Jason Clarke has a wonderful ability to communicate both physical strength as well as sensitive intelligence. His role as Dan, the CIA agent in charge of enhanced interrogations in Zero Dark Thirty, played up how quietly imposing he can be, while in Dawn he is the hope for understanding, following in the footsteps of James Franco’s role in Rise. Oldman is effective as always as the less-than-trusting Dreyfus, while Russell and Smit-McPhee provide good support for the story.

Toby Kebbell’s Koba rises almost to the level of Shakespeare’s Iago or Richard III. He’s fearsome, and the physical manifestation is truly frightening, yet he’ll pull on a mask and act the fool when he must. The moment when he drops the mask, though, is starkly powerful. A strong antagonist is needed to make a story memorable, and Kebbell provides that strength.

Caesar remains the central character, a leader trying to balance power and mercy. While the embodiment is incredible, what sets it apart is when the camera focuses on Serkis’ eyes and you read his thoughts. While he’ll never be nominated for a Best Actor Oscar – the prejudice against technology is too strong – in both Rise and Dawn Serkis does Oscar-caliber work. Serkis continues to be busy, with Avengers: Age of Ultron coming next year to be followed by a new Tintin movie as well as Star Wars 7.

Director Matt Reeves had worked in television (including several episodes of “Felicity” with Keri Russell) before moving to the big screen with Cloverfield and Let Me In. While those movies were a solid start, with Dawn he reaches blockbuster success. He’s assisted by production designer James Chinlund (The Avengers) who creates a post-human world where nature has taken charge again. Also, one particular kudo to the movie for not destroying the Golden Gate Bridge as a cheap post-apocalyptic visual. It’s become so common (Godzilla destroyed it two months ago) that leaving the bridge intact stands out.

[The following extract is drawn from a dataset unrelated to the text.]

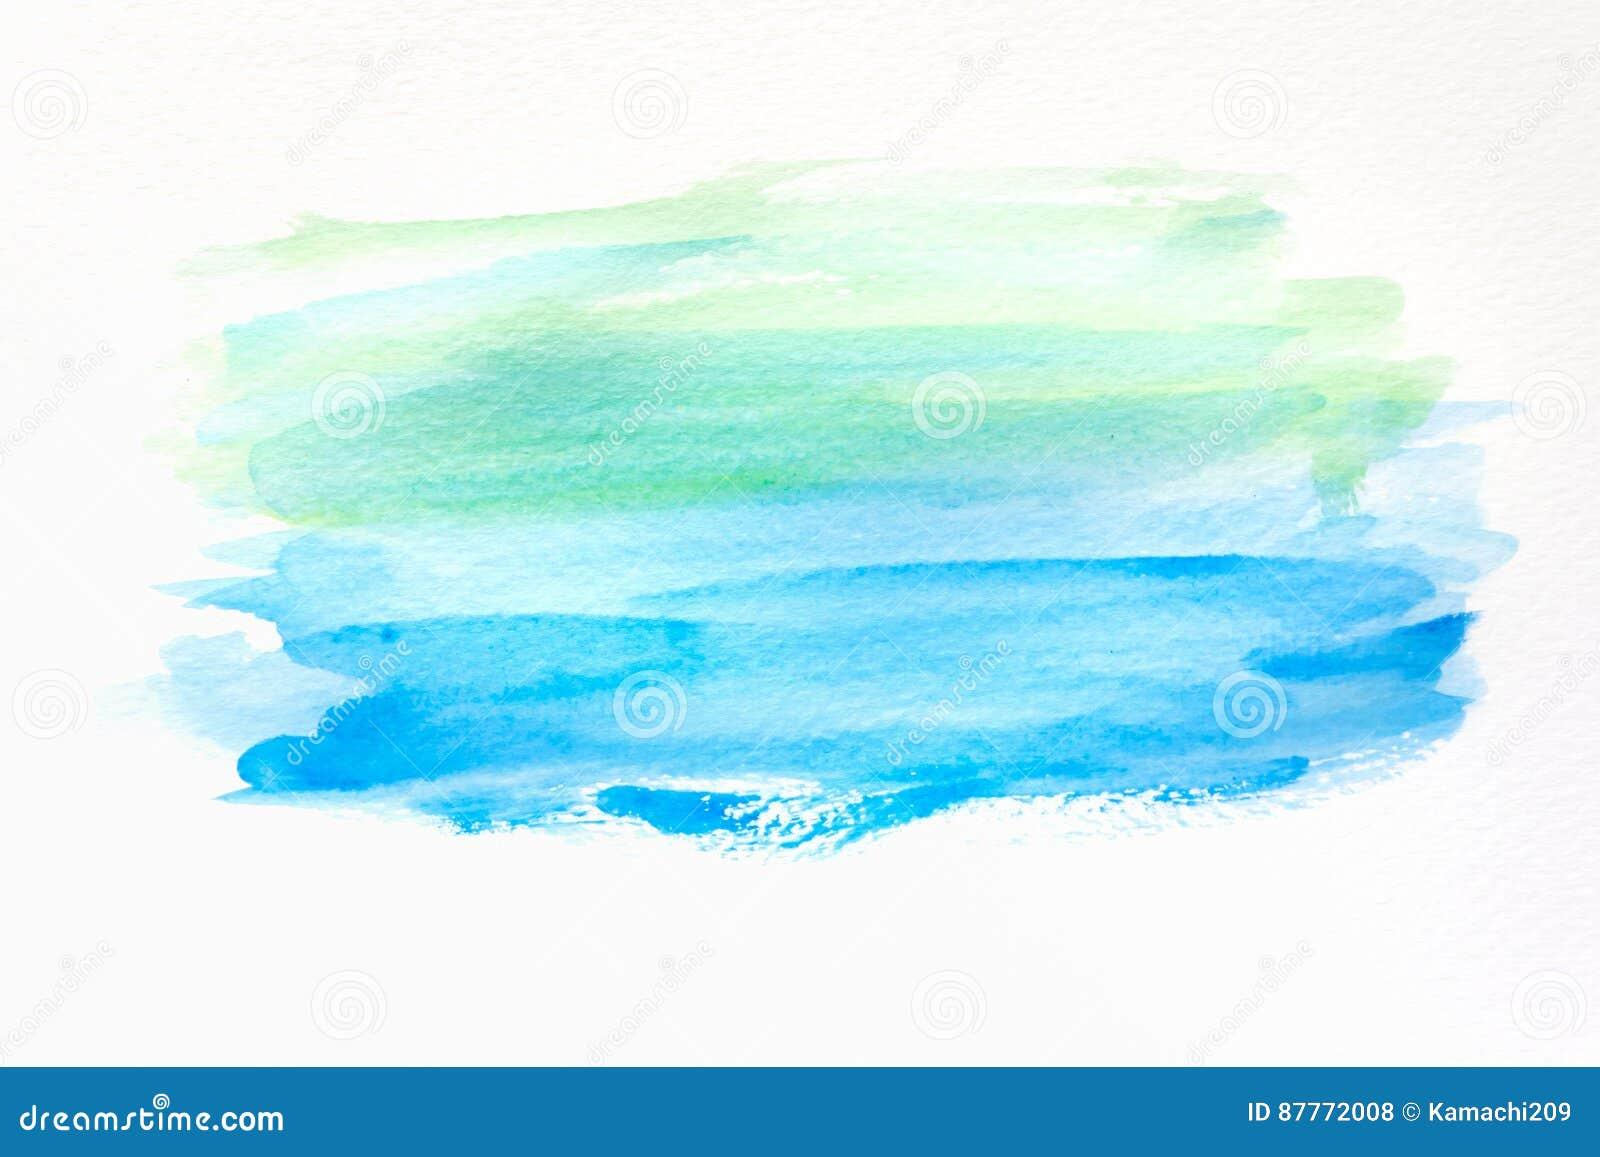 Αφηρημένο χρωματισμένο χέρι υπόβαθρο watercolor σε χαρτί σύσταση για το δημιουργικό έργο τέχνης ταπετσαριών ή σχεδίου

With Rise and now Dawn, screenwriters Rick Jaffa and Amanda Silver, assisted by Mark Bomback (Live Free or Die Hard, Unstoppable) on the new film, have not just rebooted the series but have completely reimagined it, adding depth and emotional heart that was absent in the original movies. Dawn made more in its initial weekend than Rise, and it has topped the weekend box office for two weeks straight. According to IMDb, another movie is in the works with Reeves directing as well as collaborating on the script with Bomback. I’m looking forward to seeing it.